Ensuring Compliance with the Most Recent Coding Rules
Another problem that oncology facilities encounter is maximizing revenue while keeping compliant with industry and regulatory laws.
Incorrect Oncology billing and coding owing to out-of-date or invalid codes can result in penalties or criminal prosecution. Inaccuracies, whether intentional or unintentional, will result in claim denials.
How can NEO MD Medical Billing look after their associated Oncology Medical Billing providers?
When it comes to Oncology Billing, NEO MD partners have access to a variety of services. We provide HIPAA-compliant Oncology Medical Billing and Coding. We employ cutting-edge equipment and technology to provide our clients with high-quality services. NEO MD is proud of our Oncology services since we optimize the return on claims while minimizing the risk of errors. Specialized software, billing experts, programmers, and qualified professionals create more substantial revenues than the market.

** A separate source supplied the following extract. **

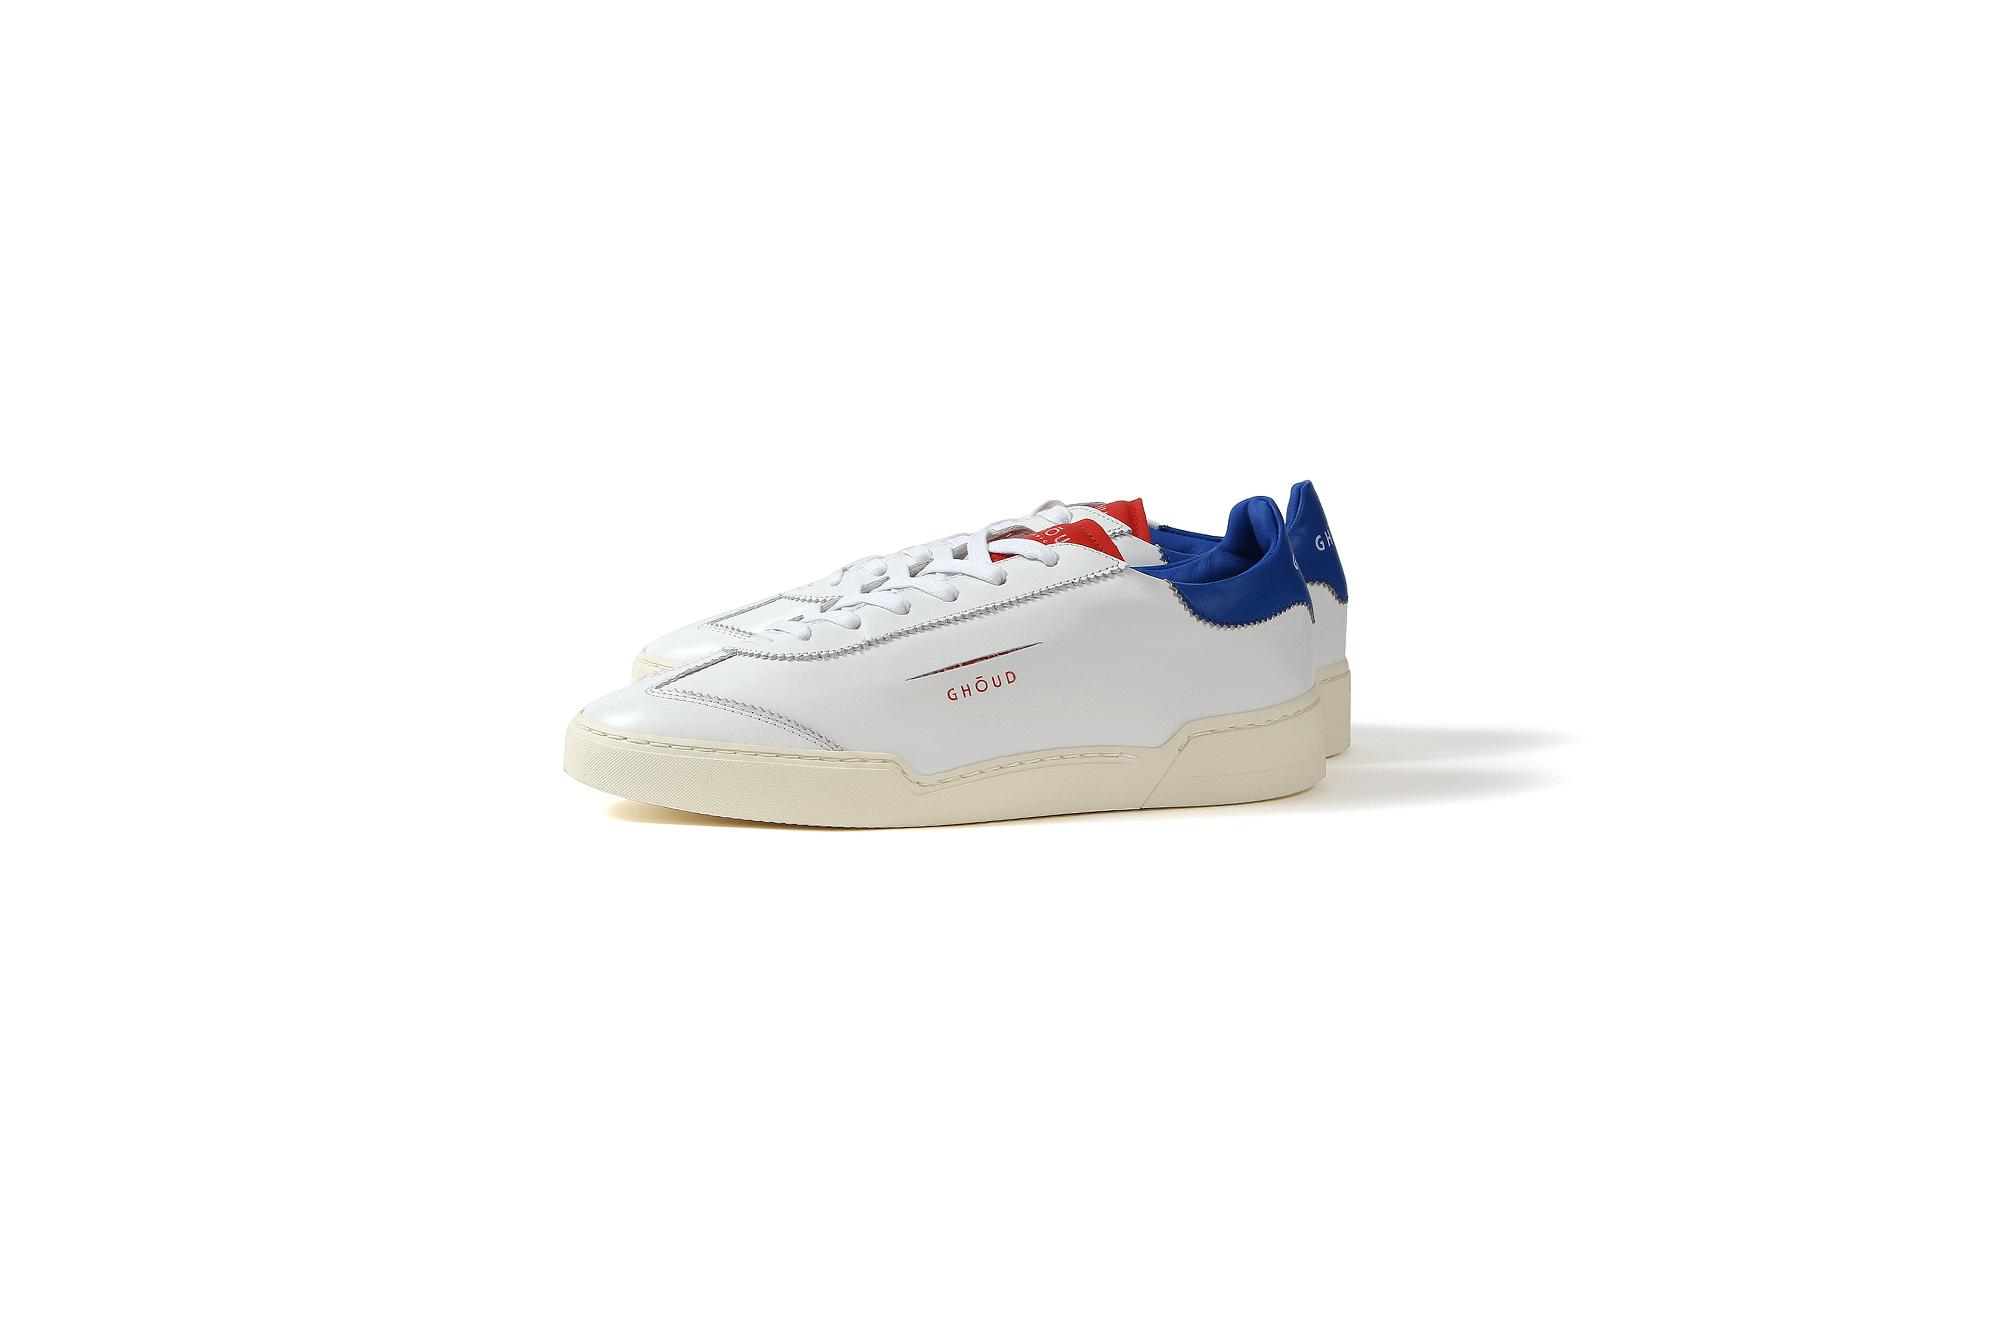 GHOUD(ゴード) LOB01 LOW MAN レザースニーカー WHITE/BLUE/RED(ホワイト/ブルー/レッド) 2020 春夏新作 愛知 名古屋 altoediritto アルトエデリット 白スニーカー

When compared to other revenue cycle management companies, NEO MD’s Oncology Medical billing services are frequently rated as among the finest in the US. NEO MD also offers medical billing services for small practices, medium-sized and large clinics, respectively. In addition, we provide customized billing services to medical practitioners in all 50 states. Furthermore, the healthcare practices might locate the top Medical Billing company near me to acquire our services.
What Makes NEO MD the Best Revenue Cycle Management Company?
NEOMD stood best among competitor’s Revenue Cycle Management companies due to the following cores;
- Improve RCM system efficiency with a robust credentialing team.
- Our experts work hard to reduce your front-end denials by 20%.
- Increase the accuracy of fees and collection.
- Refunds adjustment and Payment posting to improve the cash flow.
- Out of Network Negotiations.
- Provide fortnightly financial and practice overviews.
- Use the latest technology and tools.
- Offer internal audits to uncover loopholes
- Provide Oncology Medical Billing and collection services that are of high quality and error-free.
- We have consistently increased the collection rate for our clients because of the faster processing of accounts receivable and on-time follow-up.
- Offer Services that are easily scalable at all times.